Given material:
--------
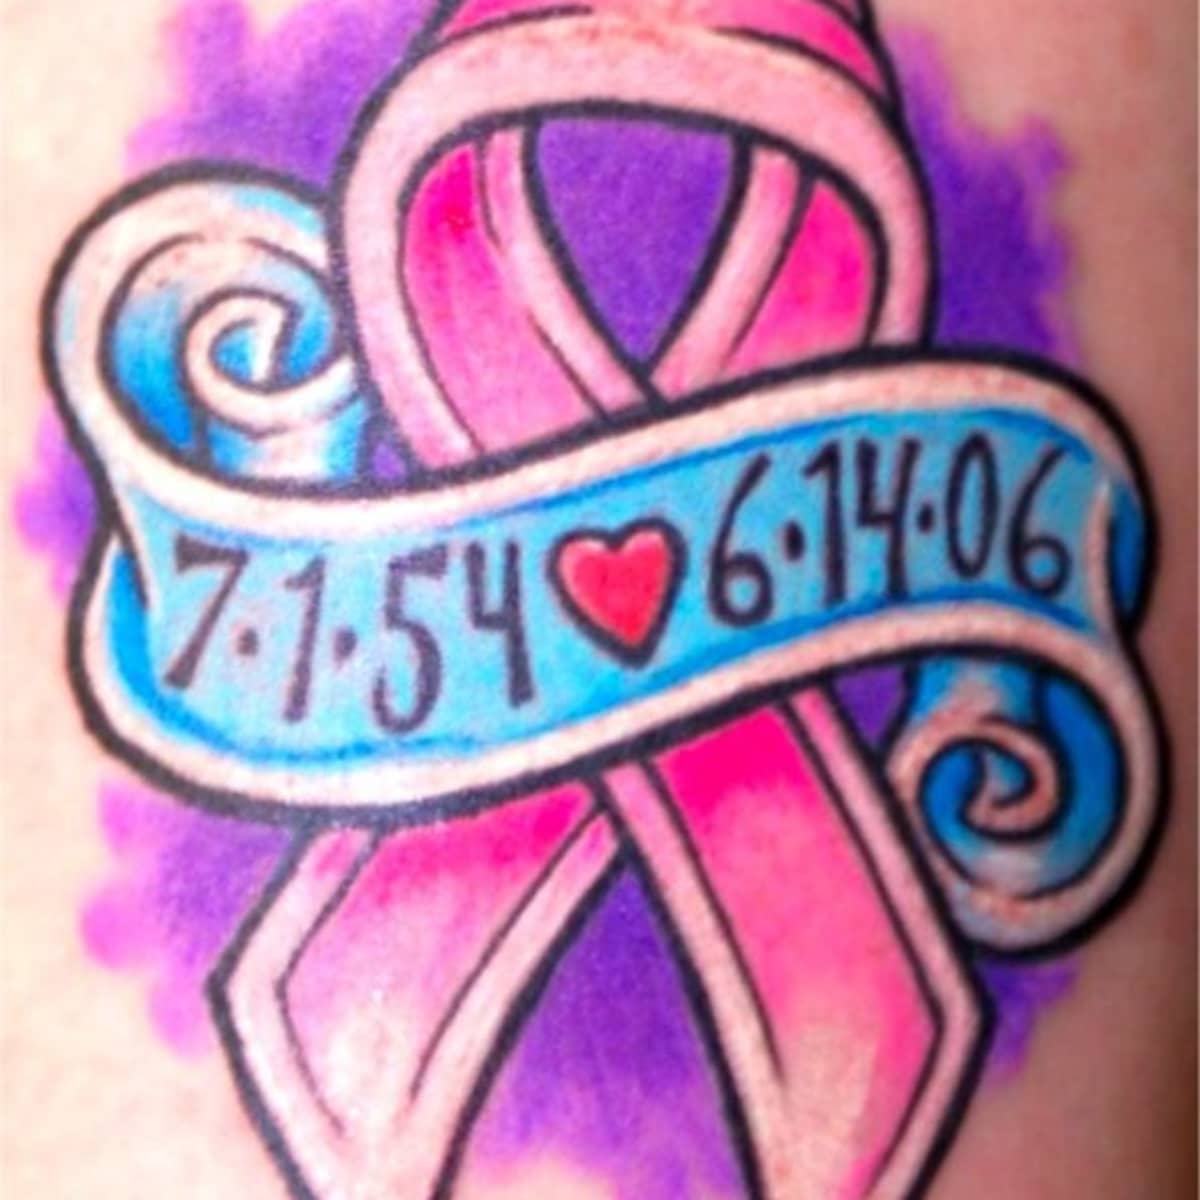 Paps and Tats Lower Kootenay Band promotes cervical cancer screening with  free tattoos  The Free Press
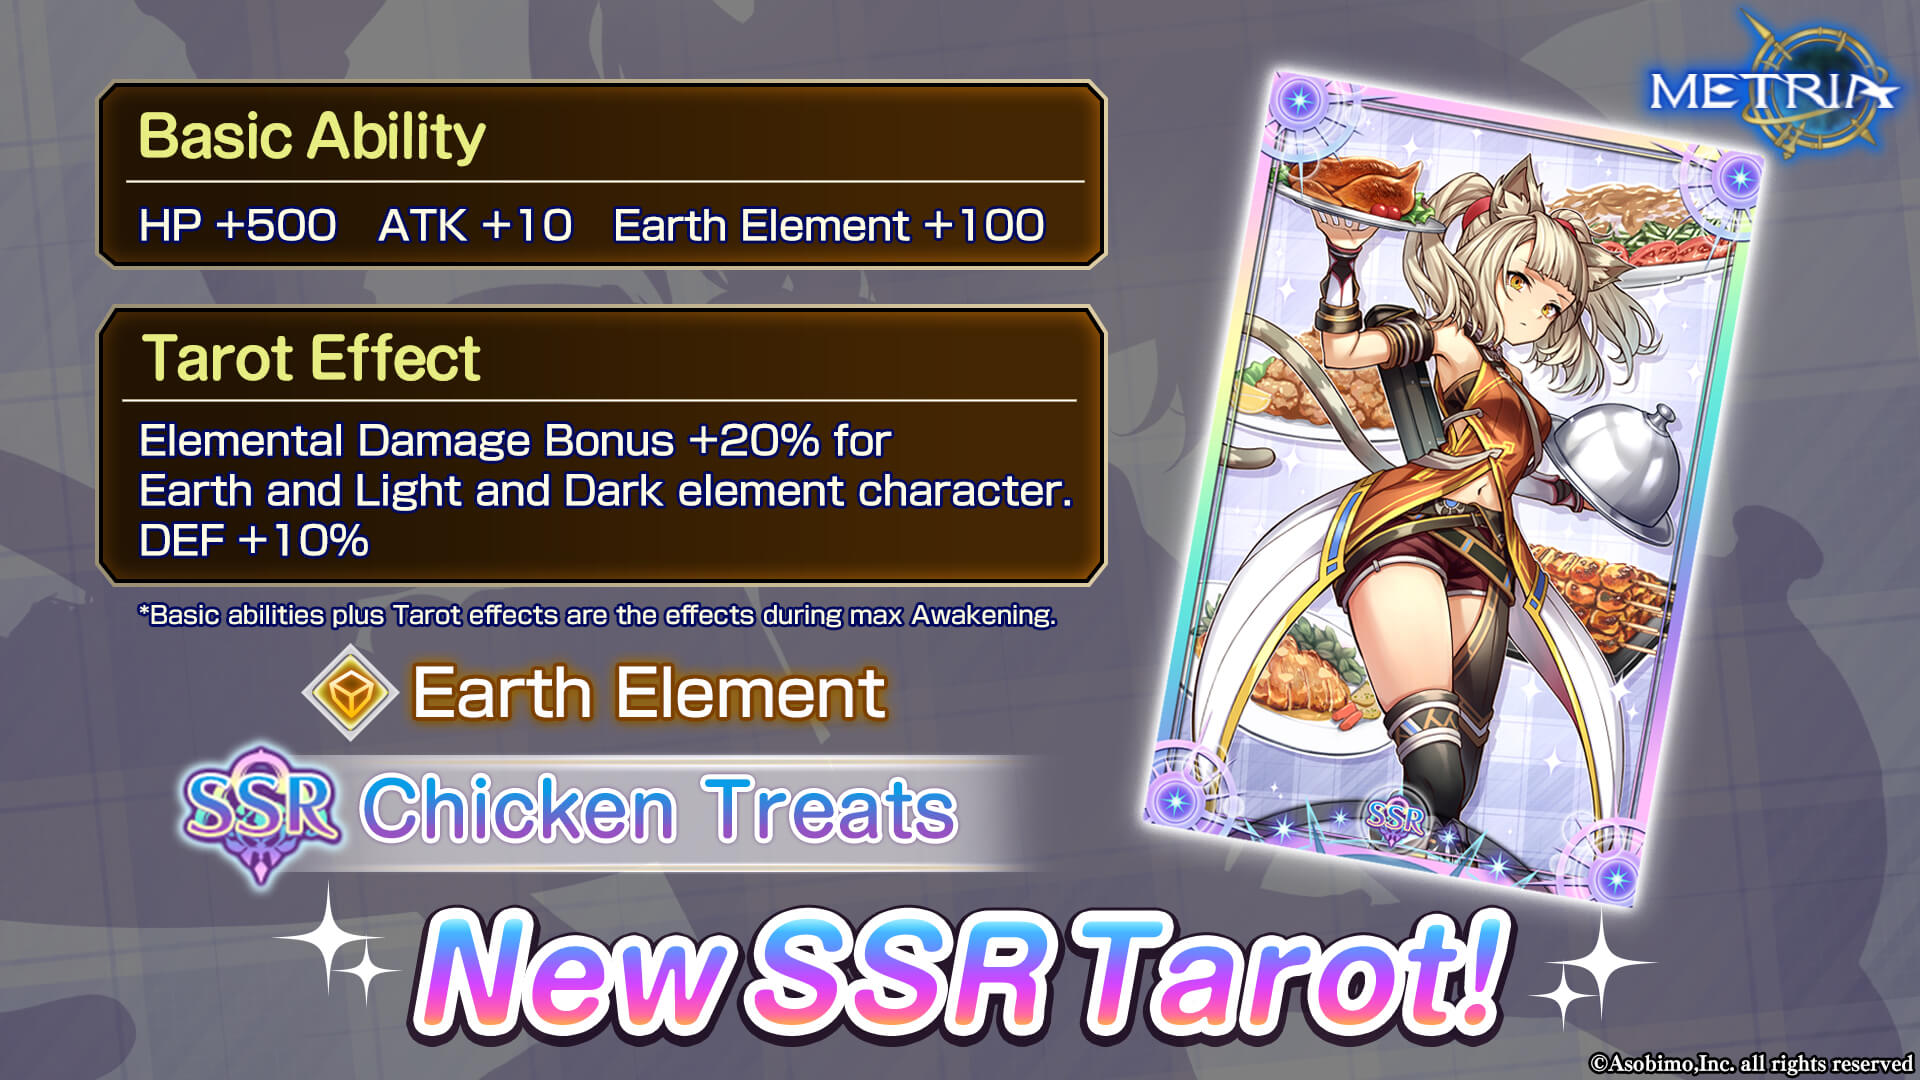 Earth Element New SSR Tarot: "Chicken Treats" Available for Purchase!
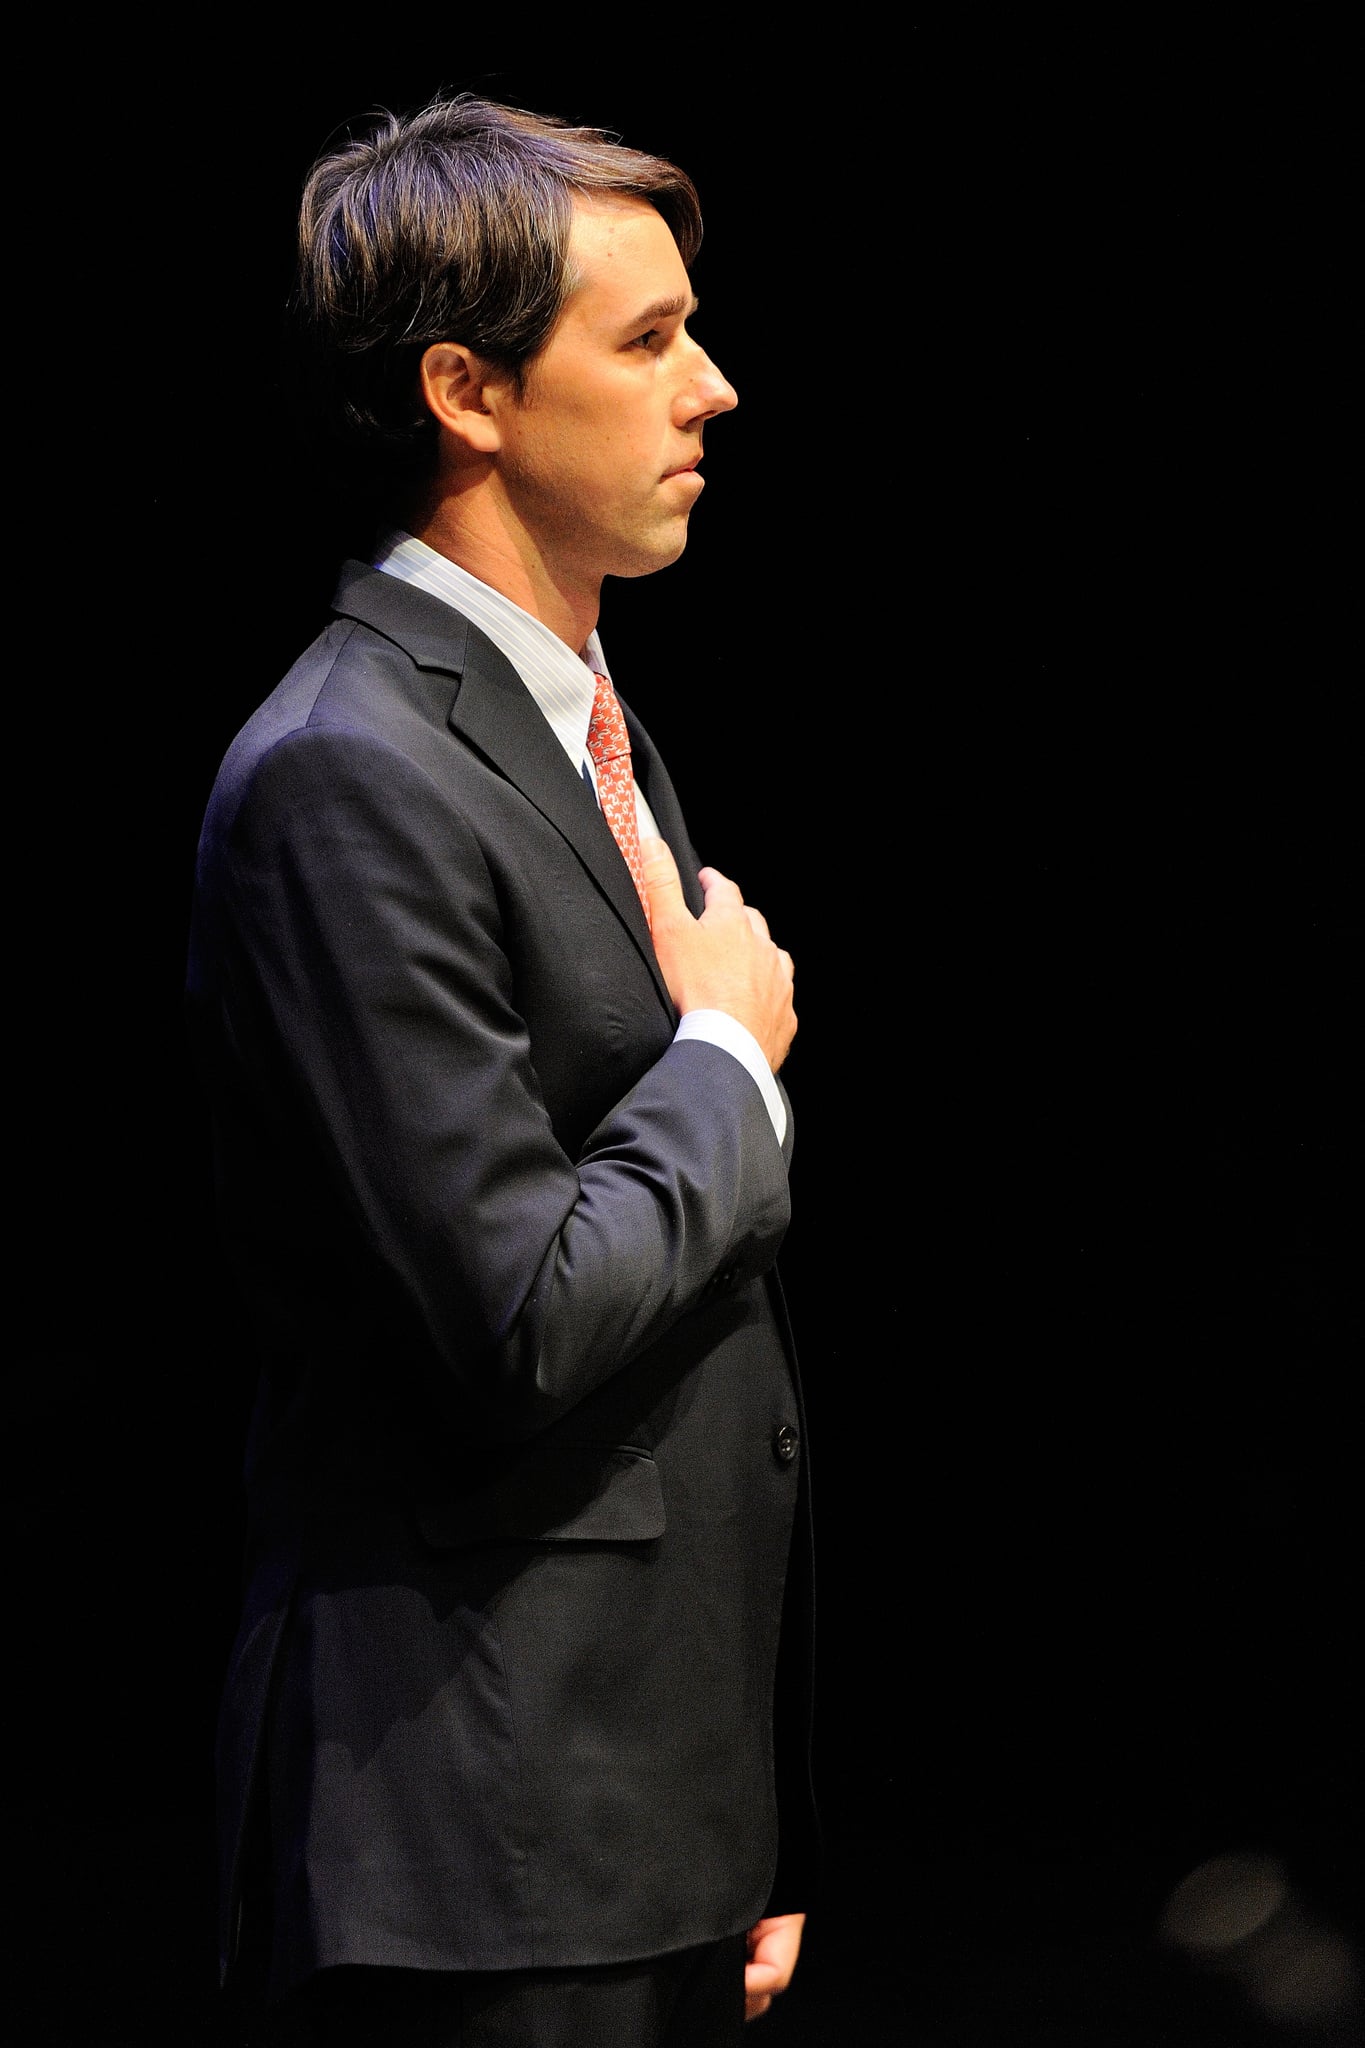 Beto O’rourke. The first ever presidential candidate — hacker
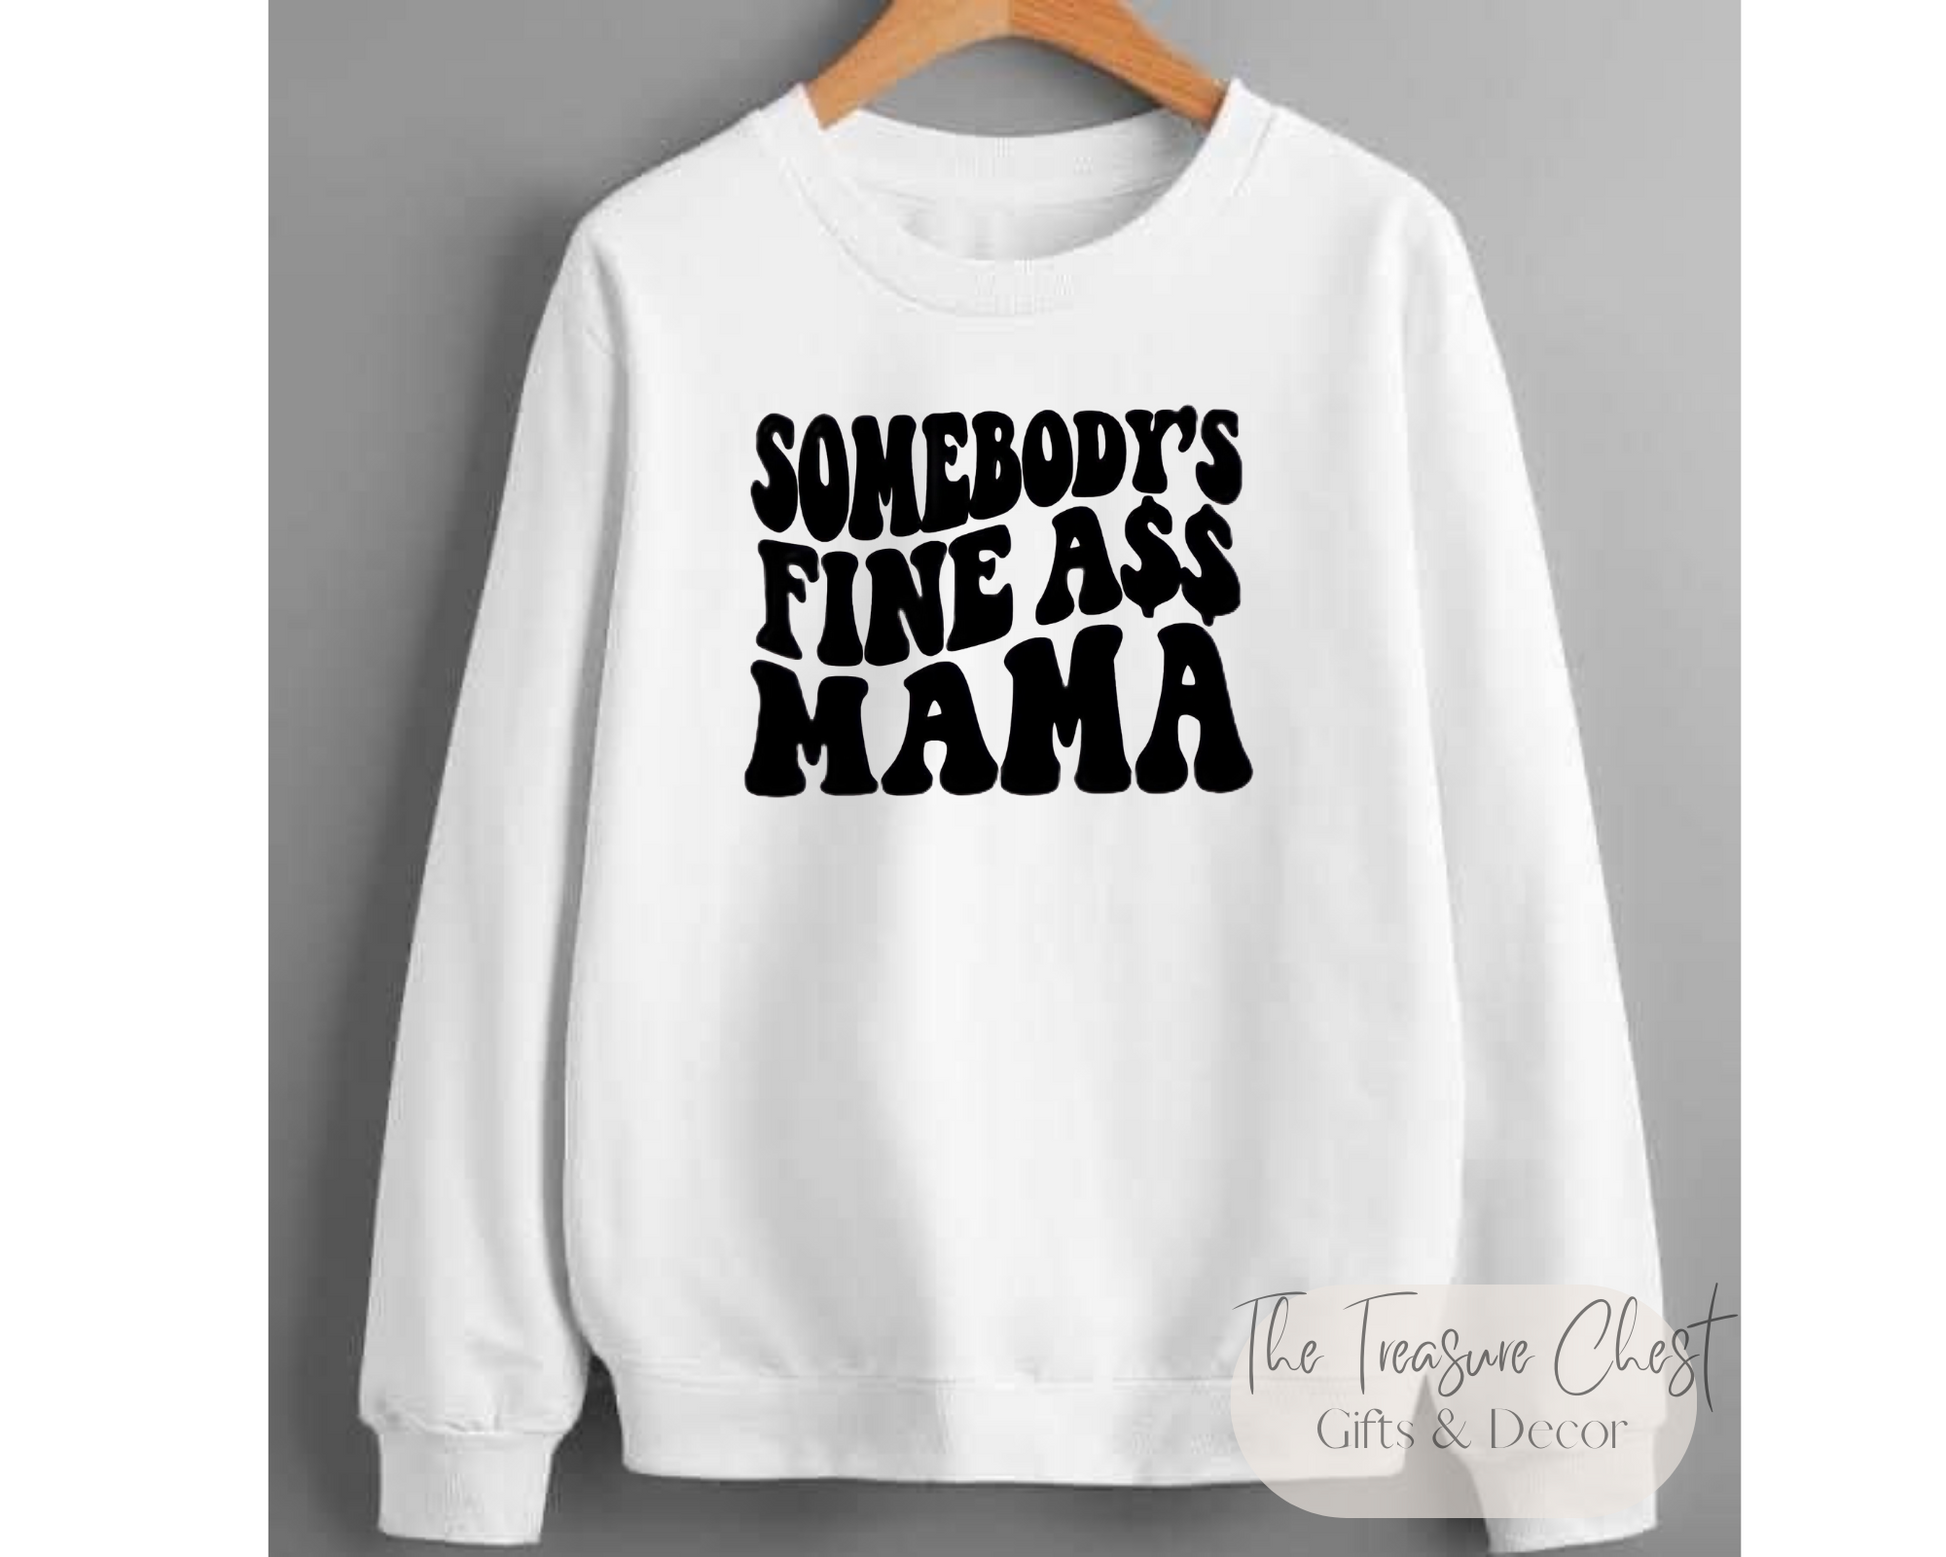 Make a statement with this hilarious Somebody's Fine Ass Mama Crewneck Sweatshirt! Show off your sense of humour in the most stylish way possible with this classic crewneck. This soft, comfortable, and lightweight fabric is perfect for all-day wear, making it a must-have for any wardrobe. White in colour
--------
Restate the material above word for word, omitting the pictures.

 Paps and Tats Lower Kootenay Band promotes cervical cancer screening with  free tattoos  The Free Press
 Earth Element New SSR Tarot: "Chicken Treats" Available for Purchase!
 Beto O’rourke. The first ever presidential candidate — hacker
 Make a statement with this hilarious Somebody's Fine Ass Mama Crewneck Sweatshirt! Show off your sense of humour in the most stylish way possible with this classic crewneck. This soft, comfortable, and lightweight fabric is perfect for all-day wear, making it a must-have for any wardrobe. White in colour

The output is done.